■ Task to complete ■
Repeat exactly the lines of the material below that run from the "Fresh 2020 Unisex Embroidered T-Shirt" line to the "Riepilogo di brillante" line, including both, and do not carry over any pictures.

■ Material for the task ■

________________________________________

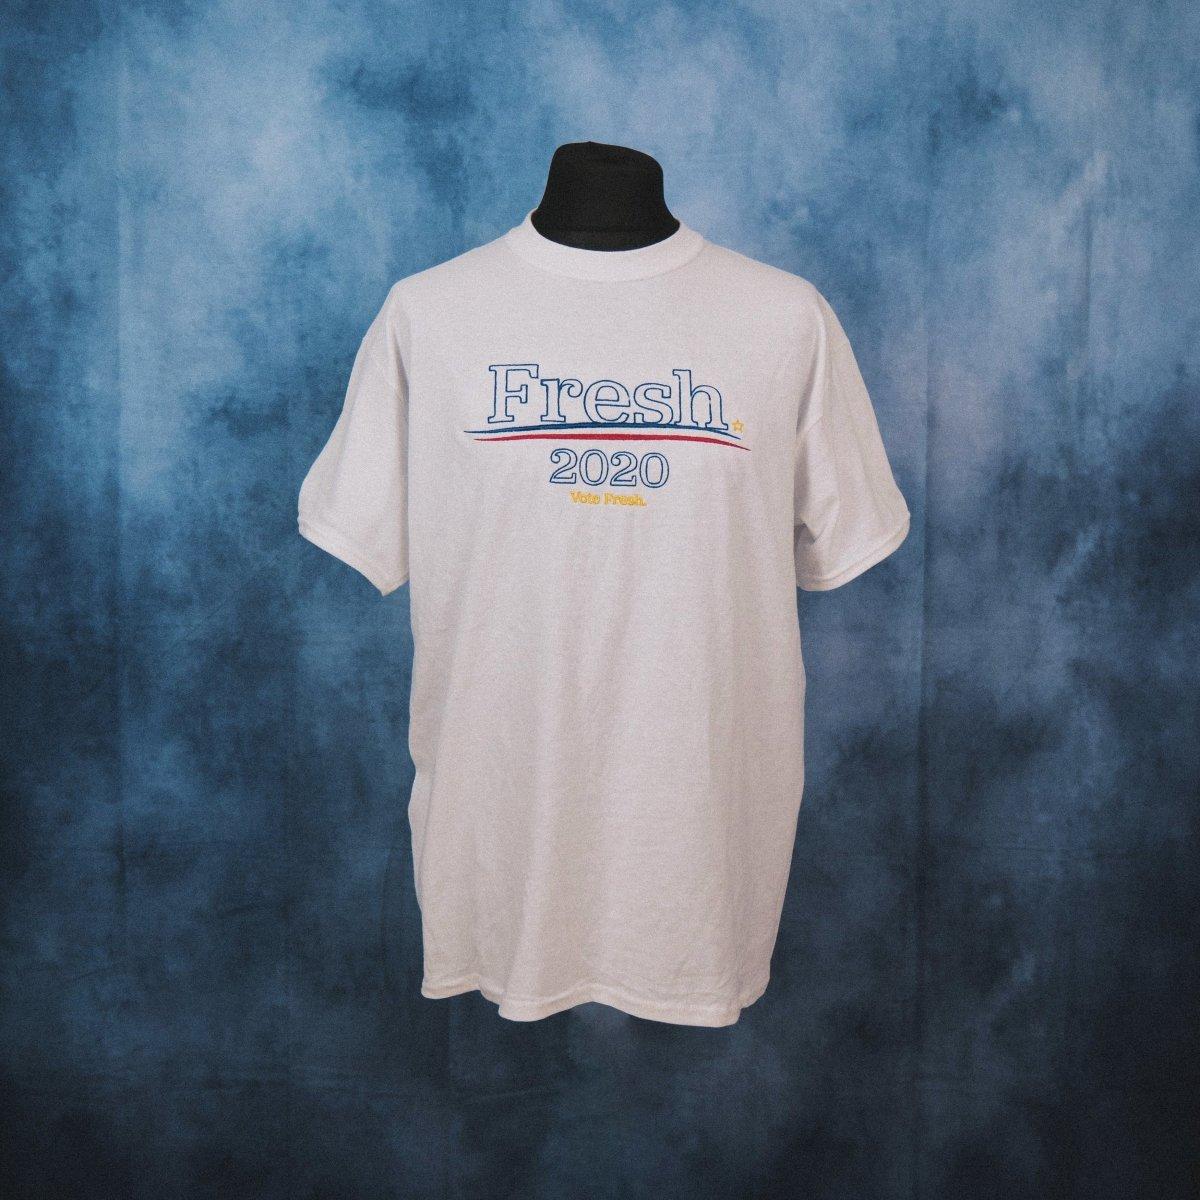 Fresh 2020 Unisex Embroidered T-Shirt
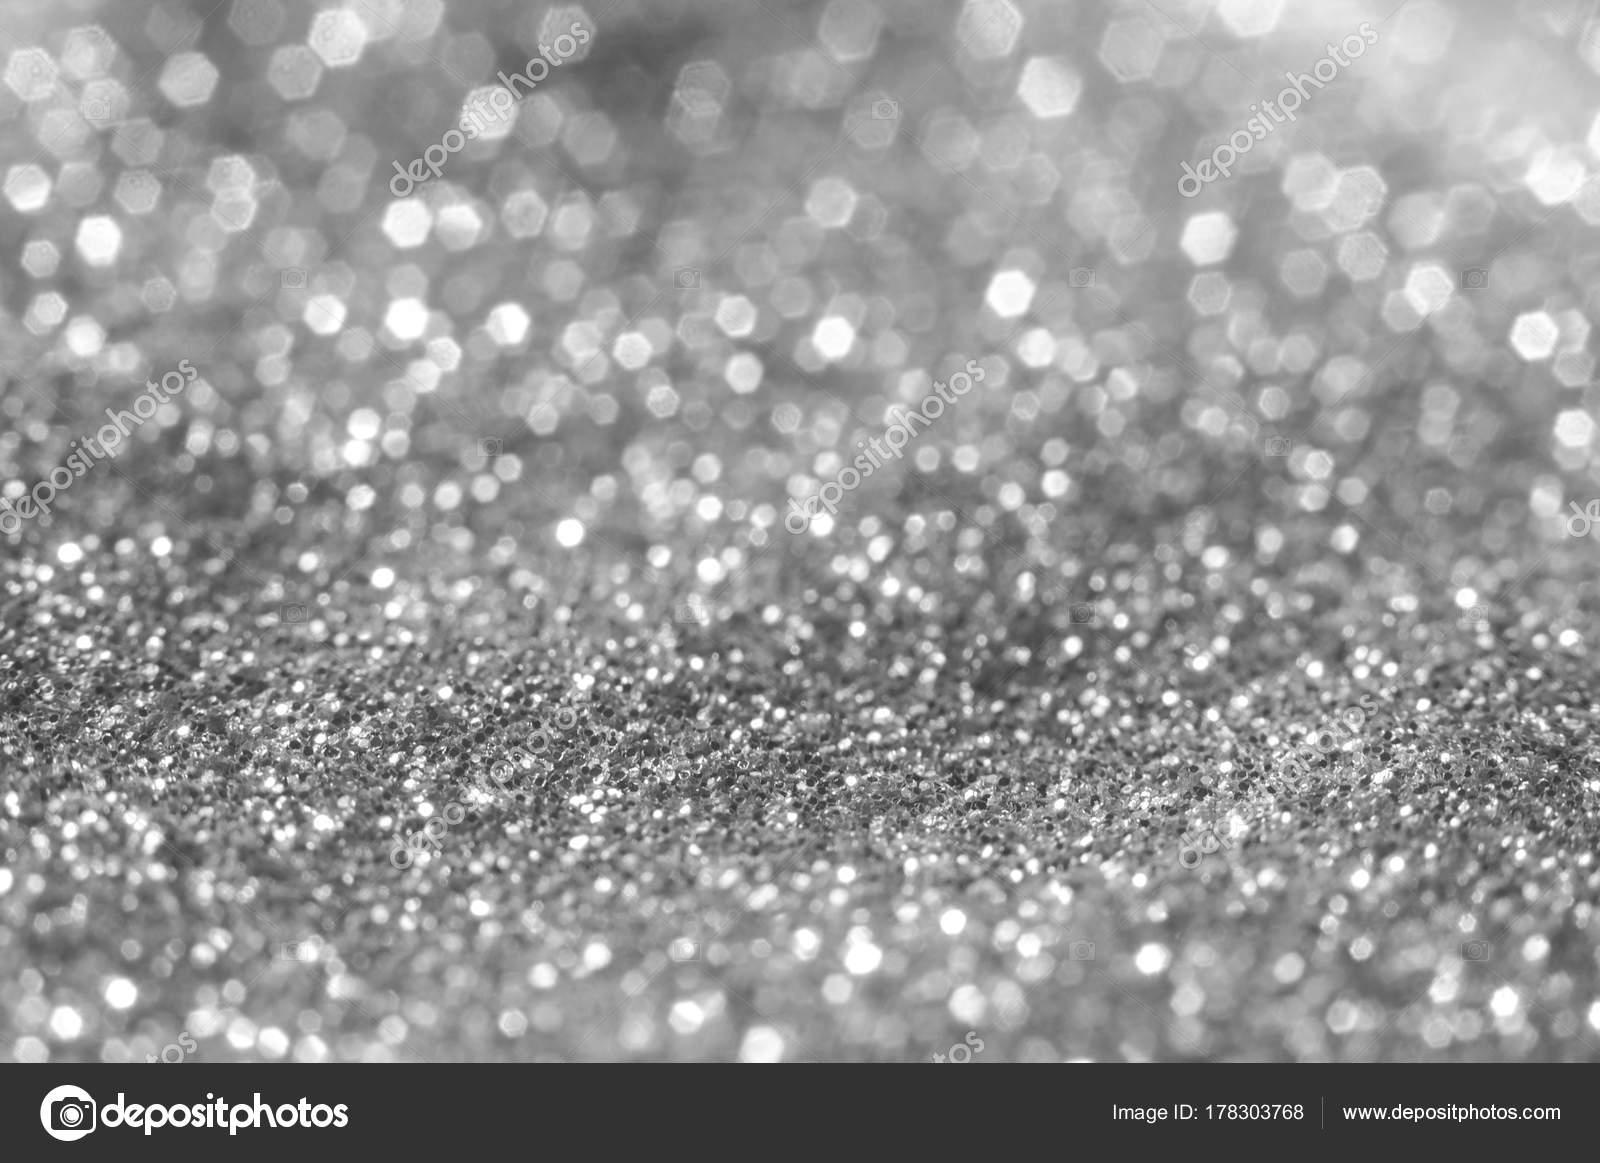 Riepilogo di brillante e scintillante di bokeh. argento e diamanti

________________________________________

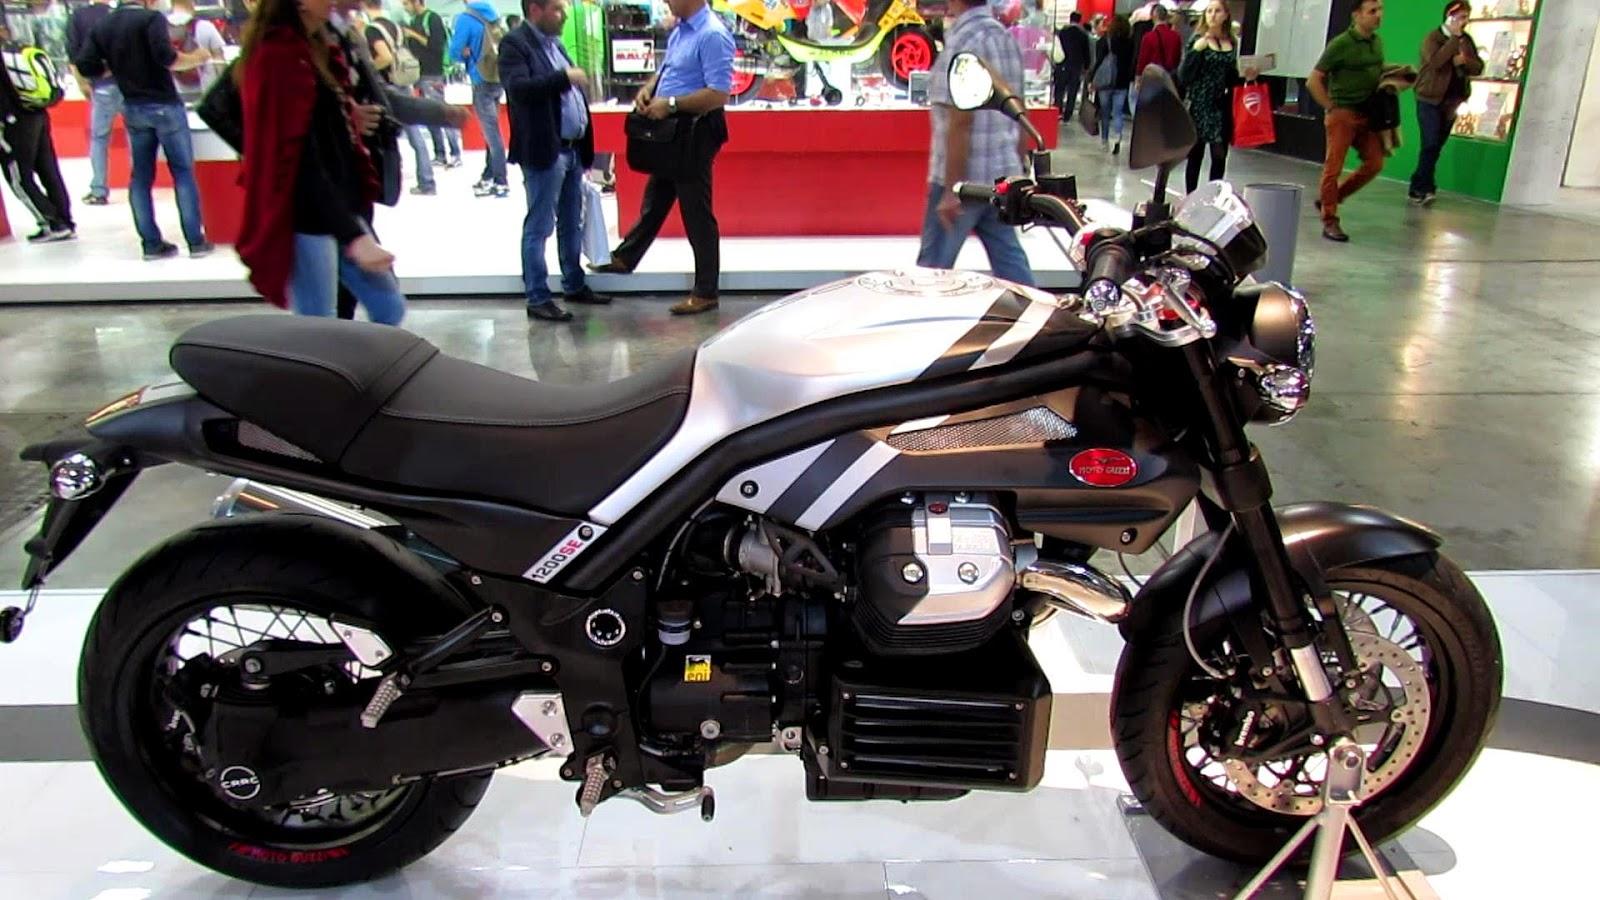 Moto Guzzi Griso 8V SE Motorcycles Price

________________________________________

■ Written solution ■
 Fresh 2020 Unisex Embroidered T-Shirt
 Riepilogo di brillante e scintillante di bokeh. argento e diamanti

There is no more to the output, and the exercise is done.